On a private drive just above the shoreline of Canandaigua Lake, the New Energy Works timber frame team collaborated with Grossi Construction on the raising of an expansive multi-use barn.
Architect Dan Pieters came to the New Energy Works team with, “the initial architecture and schematic design and then we drove the sizing, the structure and the finite dimensions of it.” says New Energy Works designer Bethany Schaertl. There was a lot of coordination back and forth between our team, Dan Pieters, and Grossi construction to make sure all the moving parts were working toward the same goal.
“It was mainly designed for a car barn, and a little bit of utility stuff, and the second floor is going to be a Yoga studio and office, says Steve Grossi of Louis J. Grossi Construction, Inc. “You could call it multi-use, but the main purpose is for vehicles.”

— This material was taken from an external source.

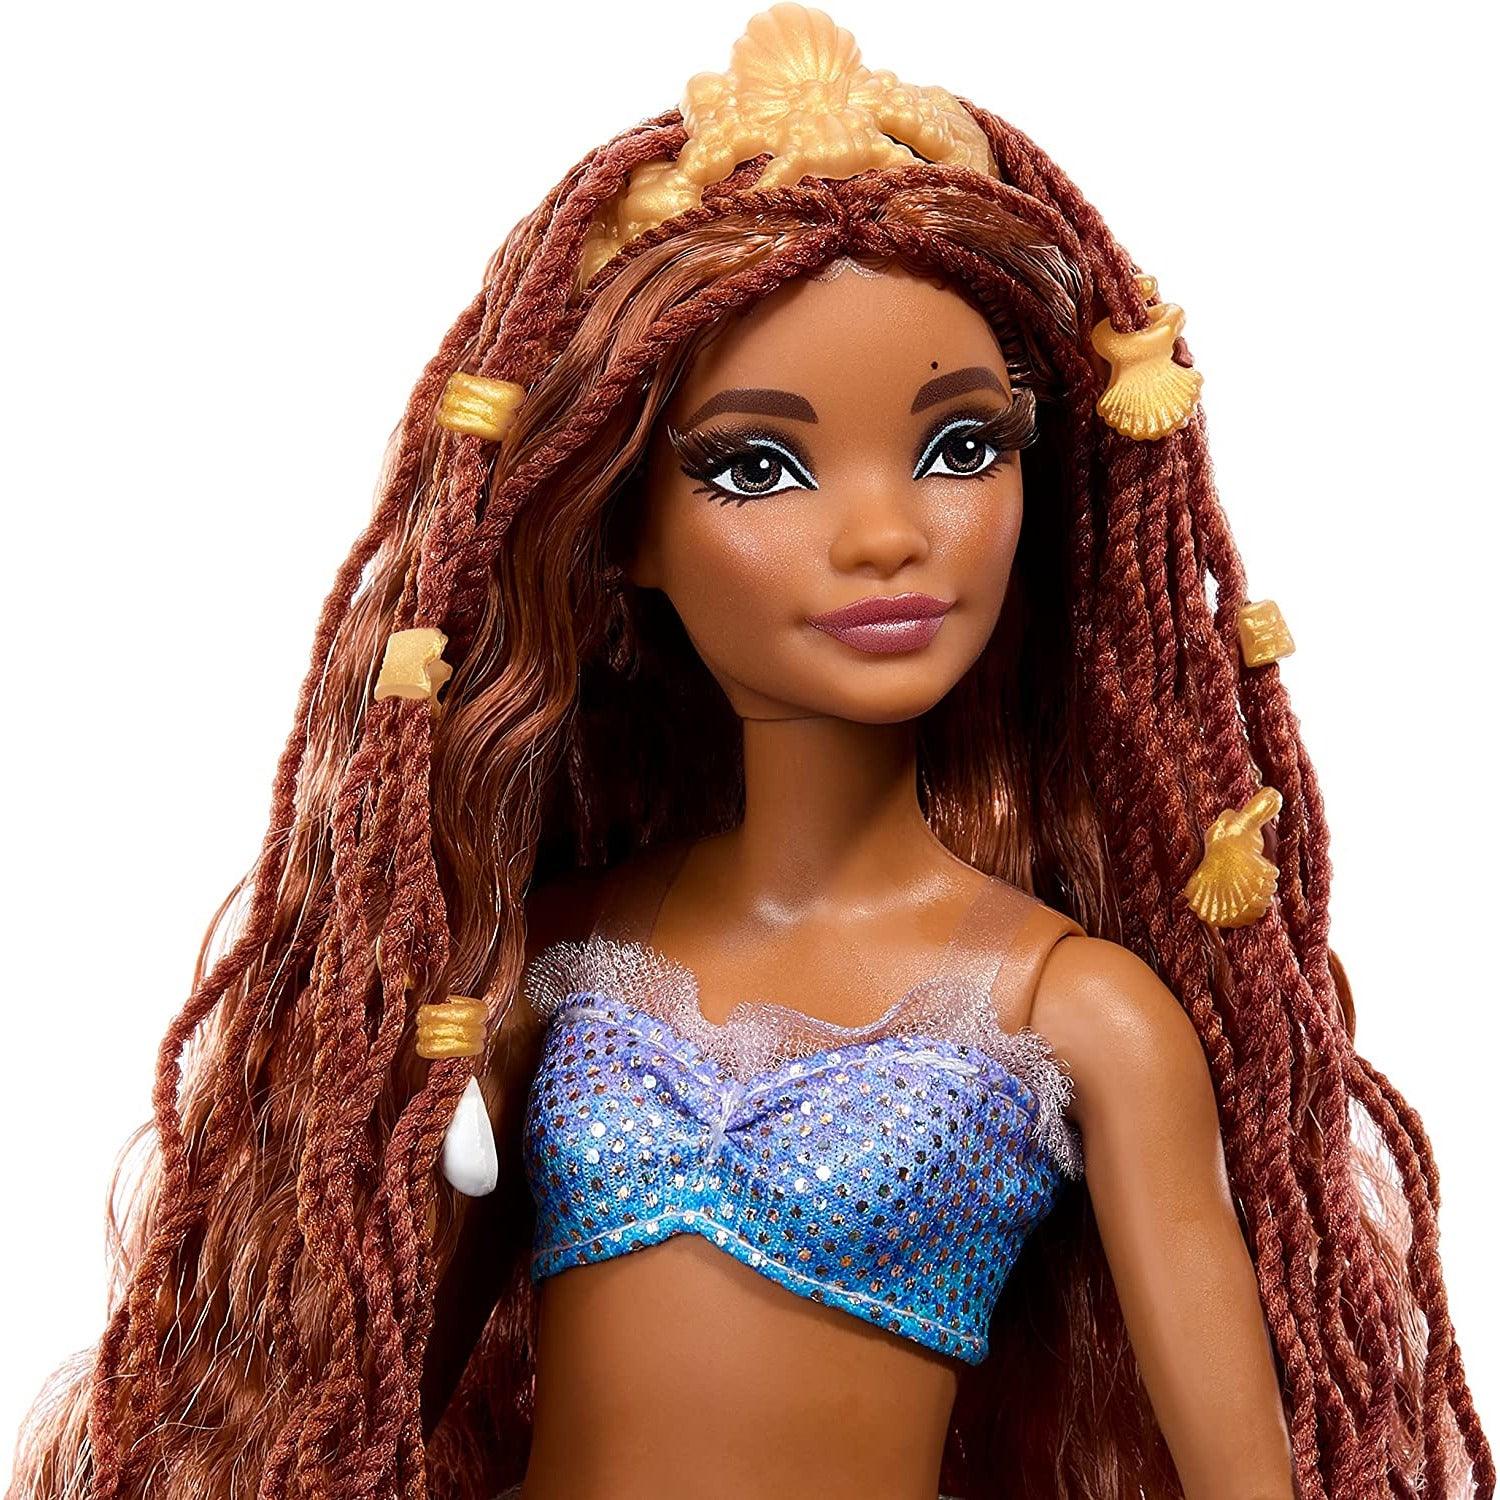 Mattel Disney The Little Mermaid Deluxe Mermaid Ariel Doll with Iridescent Tail, Hair Jewelry Beads, and Doll Stand - BumbleToys - 5-7 Years, Boys, Disney Princess, dup-review-publication, Fashion Dolls & Accessories, Girls, Mattel, Pre-Order

Five years earlier Grossi had built the homeowners current living quarters just down the private drive from the barn. “Their house is conventionally framed with a few timber elements, says Grossi. “We knew that we wanted to incorporate some of those timber features from the house into the barn.” In the end, the entire barn became a fully structurally supported timber frame.
On the morning of the raising, efficiency and precision were the order of the day as our timber frame team moved quickly around the property as one unit, moving the heavy Douglas fir trusses weightlessly through the air. The darkened timbers were carefully put into place, lending the biophilic bones to the two-story barn structure.